Kids with Guns è un’operazione commerciale riuscita per Bao Publishing, ma un ancora acerbo Capitan Artiglio si cimenta con una trilogia a fumetti che attinge a piene mani da immaginari narrativi che non riesce a fare pienamente propri.

Quando al Lucca Comics & Games 2016 Bao Publishing ha annunciato che avrebbe pubblicato una storia scritta e disegnata da Capitan Artiglio, tra i fans del giovanissimo autore torinese è nato un notevole hype.

Capitan Artiglio (al secolo Julien Cittadino) nasce infatti come grafico e illustratore, e solo nel 2016 – dopo aver adottato uno pseudonimo che è un dichiarato omaggio al videogioco Claw – rende pubblico il suo lavoro iniziando a postare i suoi disegni sui social, dove si fa notare per i colori sgargianti, le forme morbide e l’incredibile capacità di riprodurre dinosauri di qualunque specie, una passione retaggio di quella cultura anni Novanta, fortemente influenzata dall’uscita al cinema di Jurassic Park, di cui anche Kids With Guns è intriso.
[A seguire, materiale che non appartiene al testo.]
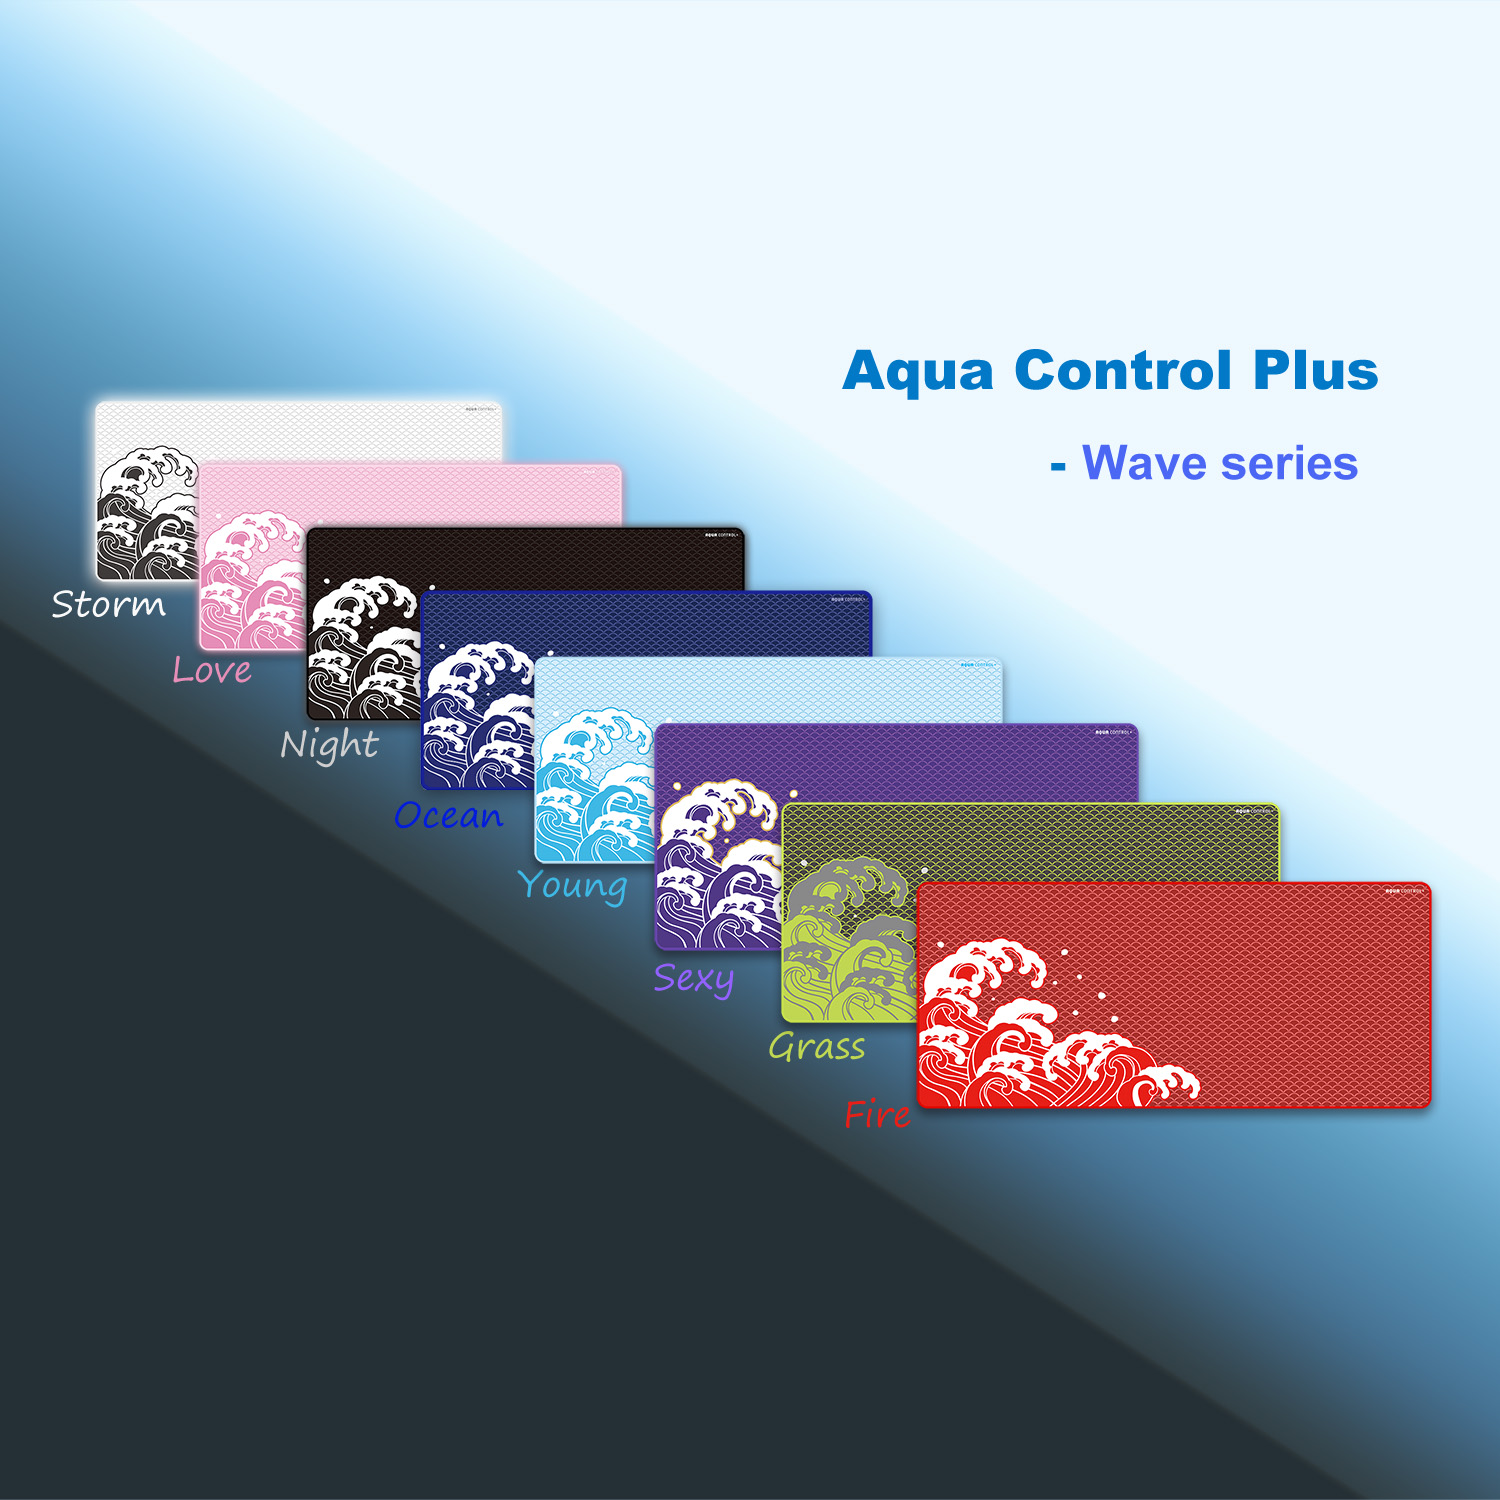 X-raypad Aqua Control Plus Review

Questo è il titolo della prima poderosa opera a fumetti di Capitan Artiglio, capitolo iniziale di una trilogia particolarmente attesa dal pubblico proprio nell’ottica conoscitiva di un autore che fino a questo momento aveva spiccato esclusivamente per le sue illustrazioni e che ora ha dovuto affrontare il banco di prova di una storia ricca e articolata, che solo per questa parte iniziale conta ben 200 tavole a colori.

La storia raccontata in questo primo volume è piuttosto lineare, pur concedendosi qualche salto temporale attraverso una serie di flashback finalizzati ad approfondire certe dinamiche narrative.

L’ambientazione è quella di una distopia che mescola elementi western, fantasy e fantascientifici, dove c’è posto per gli alieni ma anche per una mitologia in cui gli elementi magici ed esoterici la fanno da padrone. In questo contesto si innestano, in modo apparentemente anacronistico, i principi di una società tecnologica e mediatica, dove però cowboy e pistoleri convivono con dinosauri dai tratti godzilloidi che utilizzano sia come cavalcatura che come ferocissime armi.

I tre fratelli Doolin, Dan, Duke e Dave, sono in fuga dopo una rapina finita male, e sulle loro teste pendono delle altissime taglie. Al rendez-vous al saloon di Yuko, Dave si presenta con una bambina muta e senza nome che dice di aver preso con sé appena due settimane prima. Dopo una serie di rocamboleschi avvenimenti, che complicano la storia e pongono una serie di interrogativi sul passato dei protagonisti e della piccola, le strade dei tre si separano, e dopo l’incontro di quest’ultima con un altro giovanissimo ricercato, Morris Ortega “Il Cherubino del Golgota”, il volume si conclude con il più classico dei “Continua…”, nel rispetto della tradizione shonen manga a cui attinge a piene mani.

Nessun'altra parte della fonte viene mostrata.